Larner College of Medicine News & Media

Seven Days Features Houser’s ‘New Model for Health Care Delivery’ for Neurodivergent Patients

January 15, 2025 by Lucy Gardner Carson

(JANUARY 15, 2025) Melissa Houser, M.D.’12, a neurodivergent family physician specializing in providing primary care to neurodivergent children and entire families, spoke with Seven Days about their medical practice, All Brains Belong VT.

Melissa Houser, M.D.’12, is a neurodivergent family physician whose practice, All Brains Belong VT, specializes in providing primary care and resources to neurodivergent patients.

(JANUARY 15, 2025) Melissa Houser, M.D.’12, a neurodivergent family physician specializing in providing primary care to neurodivergent children and entire families, spoke with Seven Days about their medical practice, All Brains Belong VT.

At the age of 37, Houser was diagnosed for the first time with autism and attention-deficit/hyperactivity disorder (ADHD). This transformative experience inspired them to create a new model of health care delivery. In December 2021, using their decade of experience treating patients of all ages and their personal experience as a neurodivergent individual, Houser officially opened All Brains Belong VT (ABB), a small, nonprofit primary care medical practice and community center in Montpelier offering patient-centered health care and inclusively-designed community events. ABB specializes in neurodivergent patients, or the one in five people who think, learn, communicate, and experience the world differently. 

All Brains Belong also hosts community programs for neurodivergent children and teens, and it produces weekly webinars and educational materials for parents, caregivers, employers, and health care practitioners to better serve the neurodivergent population and those with traumatic brain injuries. 

“People don’t just join a medical practice. They are joining a community,” said Houser. The Long Island native moved to Vermont in 2008 to attend the University of Vermont’s Larner College of Medicine. Though they described their medical education as “excellent,” it included almost nothing about neurodiversity beyond a one-hour lecture on autism, they said. The lesson focused entirely on the red flags for recognizing autism, such as an inability to display emotions, read social cues, make eye contact, or communicate well verbally.

Because such characteristics apply to only a small percentage of people with autism, Houser said, they often missed signs of autism and other neurodivergence in their patients—and themself.

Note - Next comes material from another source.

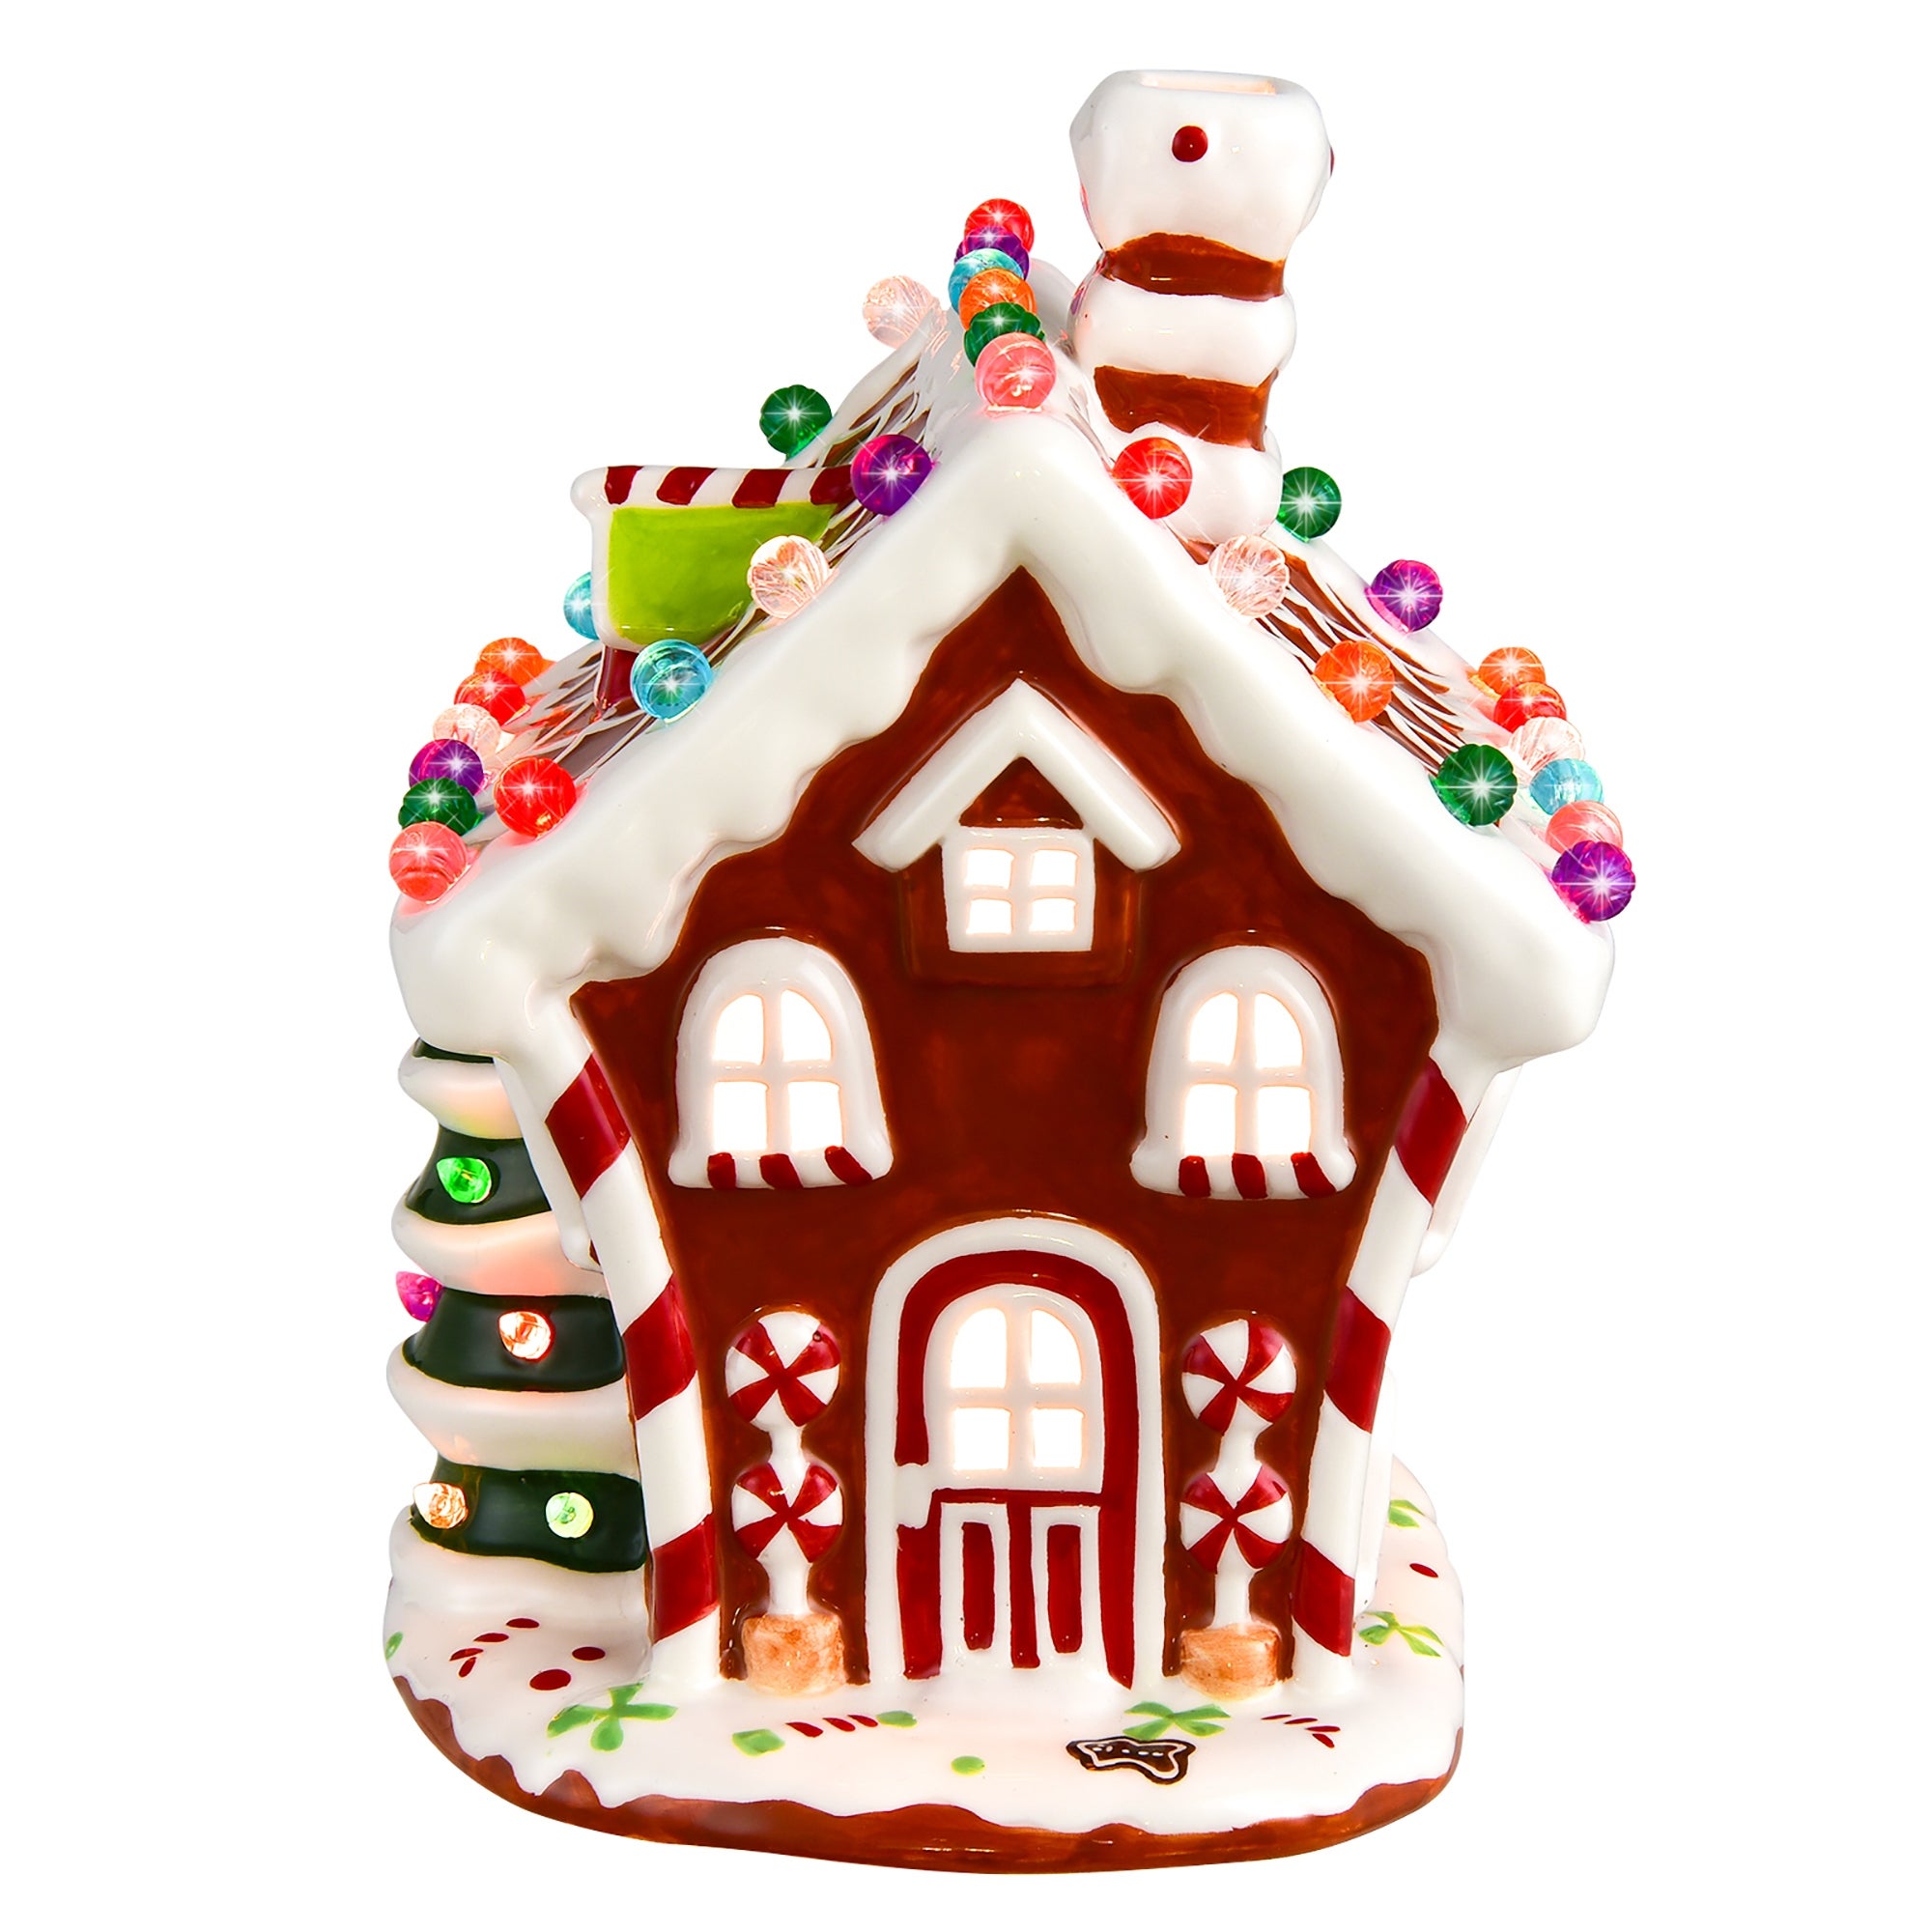 Costway Ceramic Village House Hand Painted Decor Christmas W/ 44 Details

Houser had never suspected they were autistic. They later learned that 80 percent of women with autism are diagnosed in adulthood. Many are considered “high functioning,” with neurodivergence that flew under the radar of medical providers for years. “I was trained in the stereotypes,” Houser said, “and I did not fit those stereotypes.”

When discussing such conditions with patients, Houser uses whatever terms the patient prefers. However, they eschew the expressions “on the spectrum,” which they consider euphemistic, and “autism spectrum disorder,” because they believe autism is a brain difference to be accommodated, not a dysfunction that needs fixing.

“The most important thing we do is connect patients with other patients,” Houser said. “When they hear their own stories reflected back to them, there’s something so transformative about that.”

Now capped at 350 patients, All Brains Belong is too small to serve all the people who seek its services. The practice filled up within six weeks of opening, then added a nurse practitioner, filled up again, and finally closed its waiting list. Houser expects to hire another practitioner soon and accommodate another 100 patients by year’s end. Nevertheless, they are averse to growing too quickly because it would mean their current patients might have to wait months for an appointment.

For this reason, All Brains Belong provides free educational opportunities and training materials to other medical providers. The goal is to help local clinicians adopt a new model of community-driven health care, one that’s designed and shaped largely by patients themselves.